DEV Community

Andriy Andruhovski for Aspose.PDF

Posted on • Updated on

Extract the text data from PDF file using Aspose.PDF for .NET

While dealing with Portable Document Format files, at times, you might need to extract text from a PDF file.
Aspose.PDF several classes to extract the data:

The easiest way to extract the data from PDF is using TextFragmentAbsorber with the default options:

TextAbsorber performs text extraction and provides access to the result via Text object. In this case, we'll get all text data in one single object.
Call the Accept method on a particular page of the Document object. The Index is the particular page number from where text needs to be extracted.

Sometimes we need to extract the text from the particular area (i.e. the left upper corner of the page). TextAbsorber also can do it. We'll need to setup TextSearchOptions property. In the following example, we'll set up a LimitToPageBounds property and a Rectangle property. The last takes Rectangle object as a value and using this property, we can specify the region of the page from which we need to extract the text. In our example, the LimitToPageBounds property indicates that text is searched within the page bound and the Rectangle property indicates to the upper half of page.
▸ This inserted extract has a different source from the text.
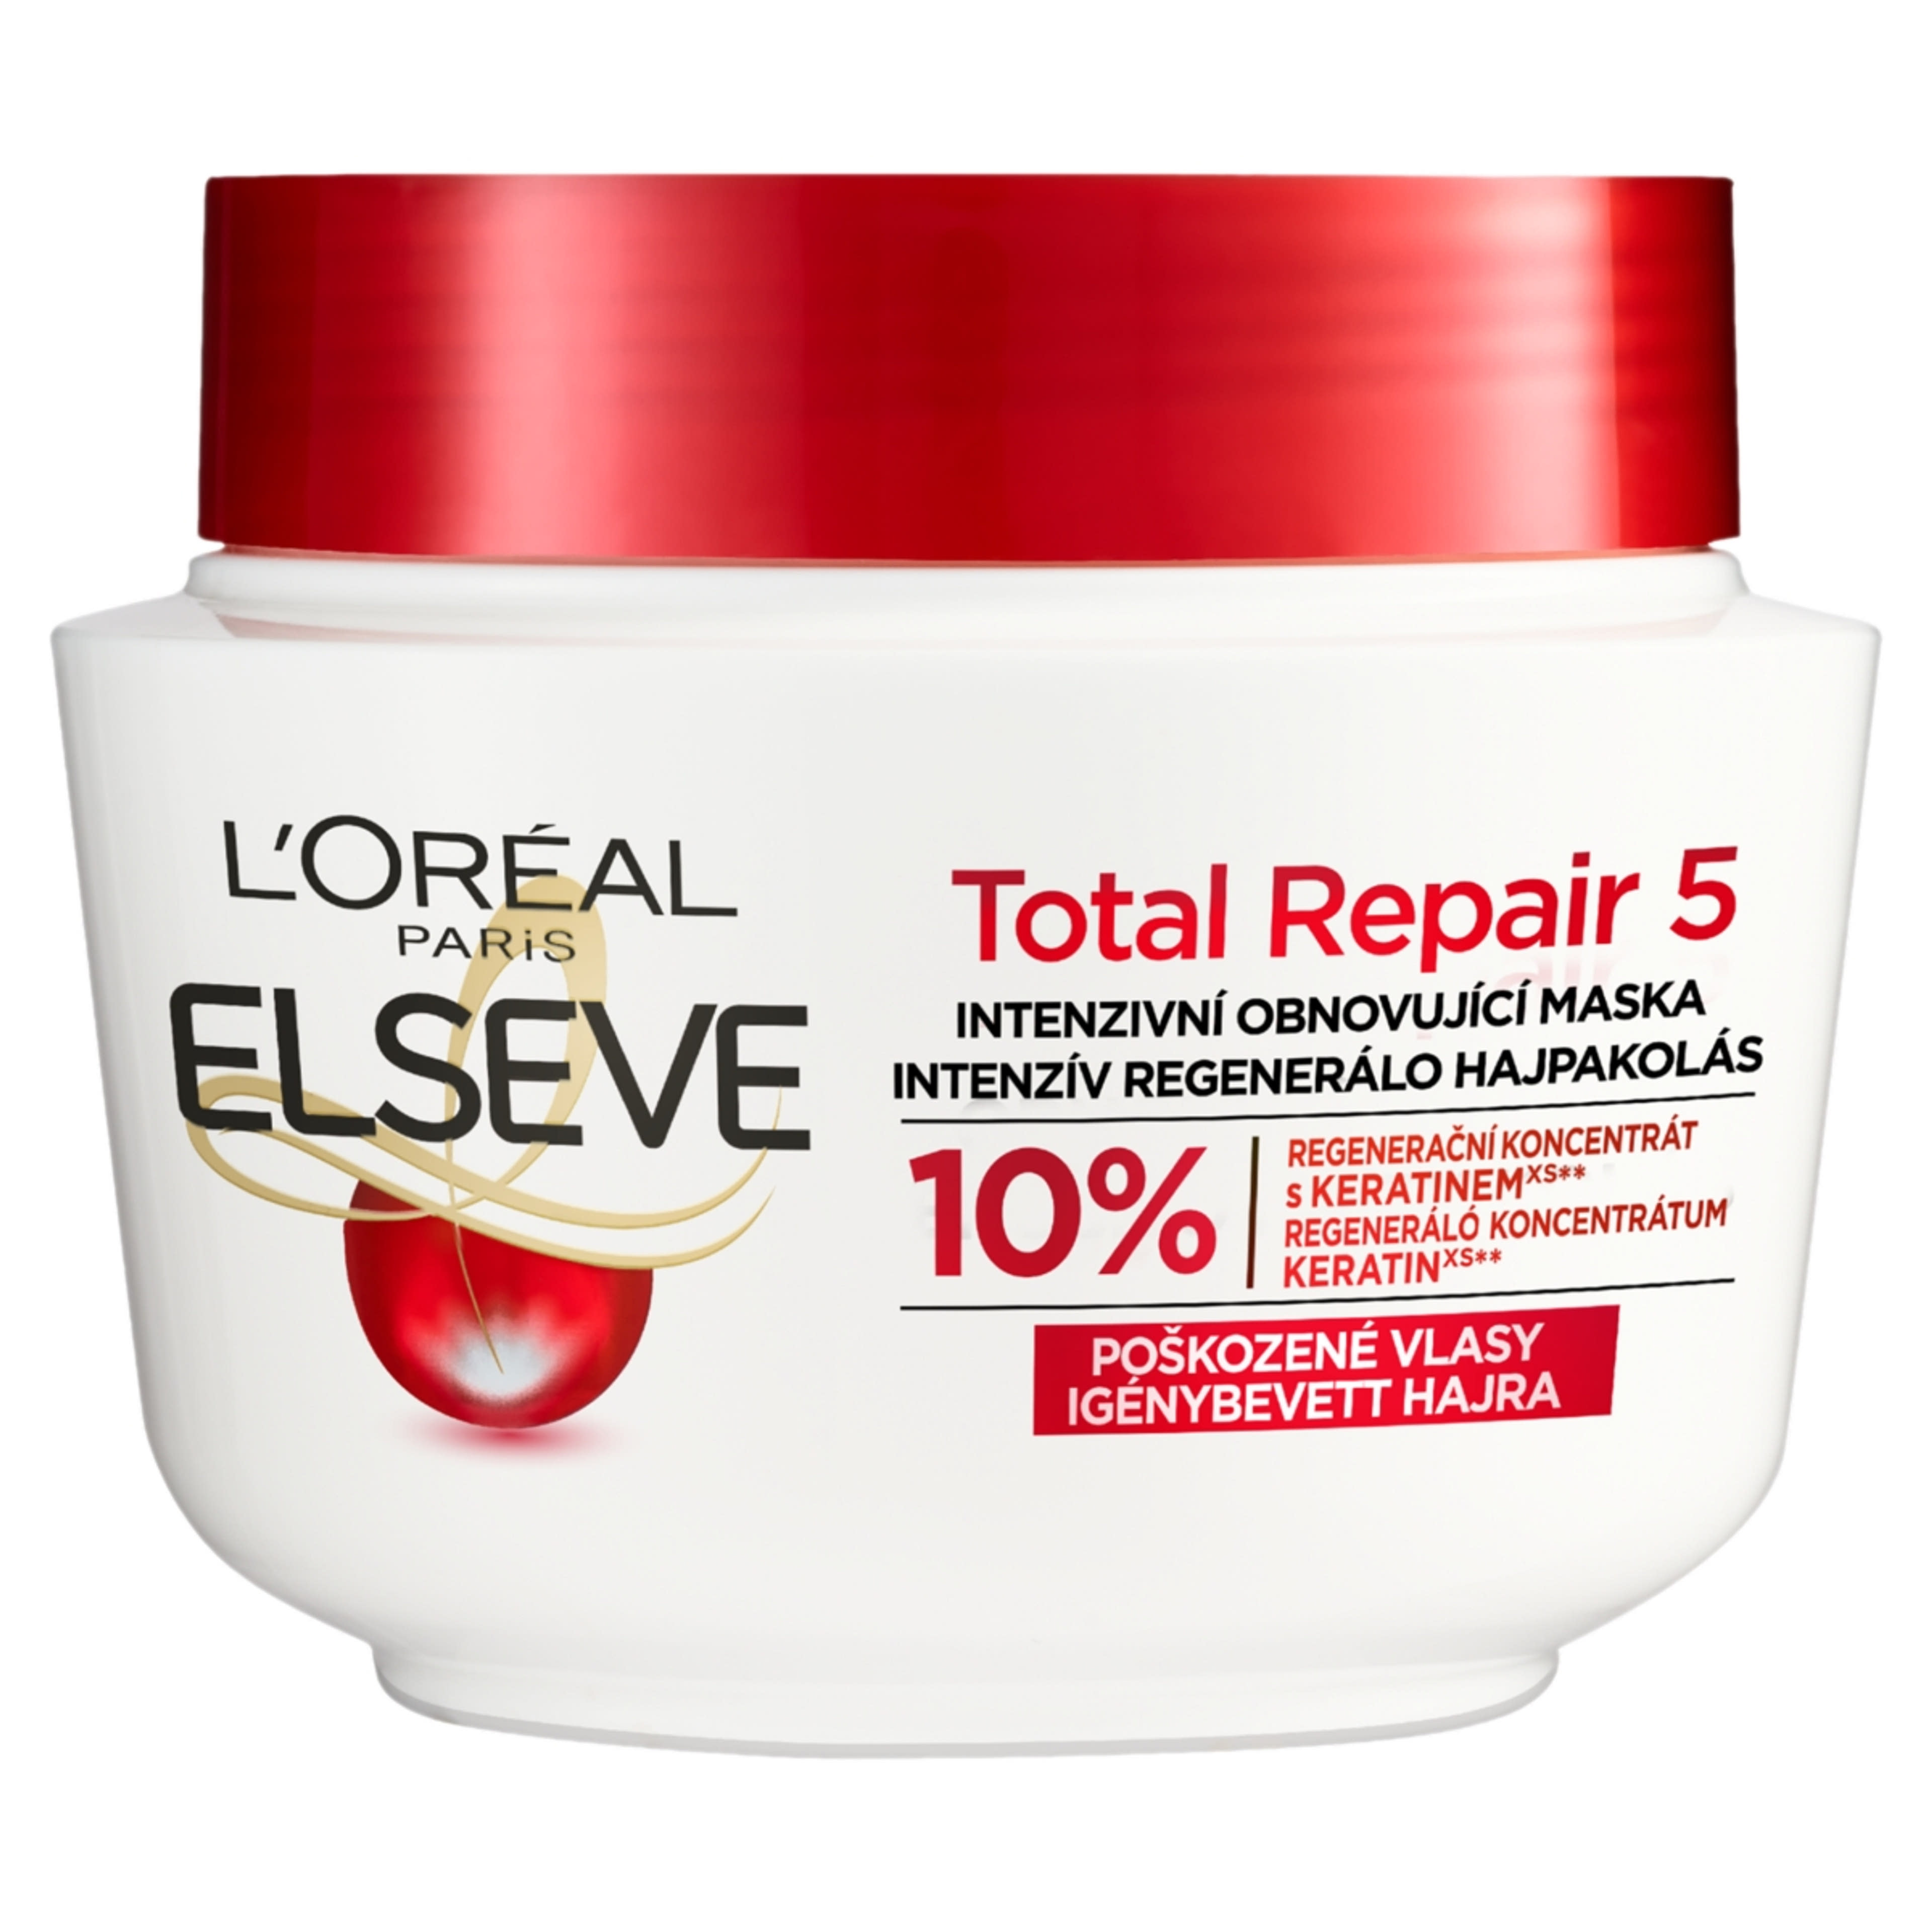 L'Oréal Paris Elseve Total Repair 5 regeneráló hajpakolás - 300 ml-1

The TextFragmentAbsorber object is basically used in text search scenario. When the search is completed the occurrences are represented as text fragments collection. The TextFragment object provides access to the search occurrence text, text properties, and allows to edit text and change the text state (font, font size, color etc).

The ParagraphAbsorber class performs the search for sections and paragraphs of text and provides access for rectangles and polygons that describe it in text coordinate space.

Top comments (3)

Collapse
 
smithharber profile image
smithharber • Edited

Are you searching for a conversion solution to Import PDF file to Text effortlessly? Use CubexSoft PDF to Text Tool Converter for this purpose which give perfect and exact solution of how to convert a PDF emails to Text. There is no conversion issue you can simply export PDF files into Text file format. The software is a desktop based application which supports all version of Windows i.e. 11, 10, 8, 7, 8.1, vista etc. If you want to grab more knowledge about the software working, download PDF to TXT Tool demo version. The software demo version allow convert of first 5 PDF emails to Text for free of cost.

Collapse
 
mamtacd profile image
mamtacd

Hi Team,
I need to extract content from PDF, by giving a paragraph heading or some phrase.
How to achieve this. ParagraphAbsober, does get all text. However I need only from a particular paragraph or particular portion of a paragraph, not the complete page.
How to achieve this.
Regards,
Mamtha.A.C.D.

Collapse
 
andruhovski profile image
Andriy Andruhovski

Thanks for your interest!
Currently, you can use TextFragementAbsorber with regular expression as an input parameter.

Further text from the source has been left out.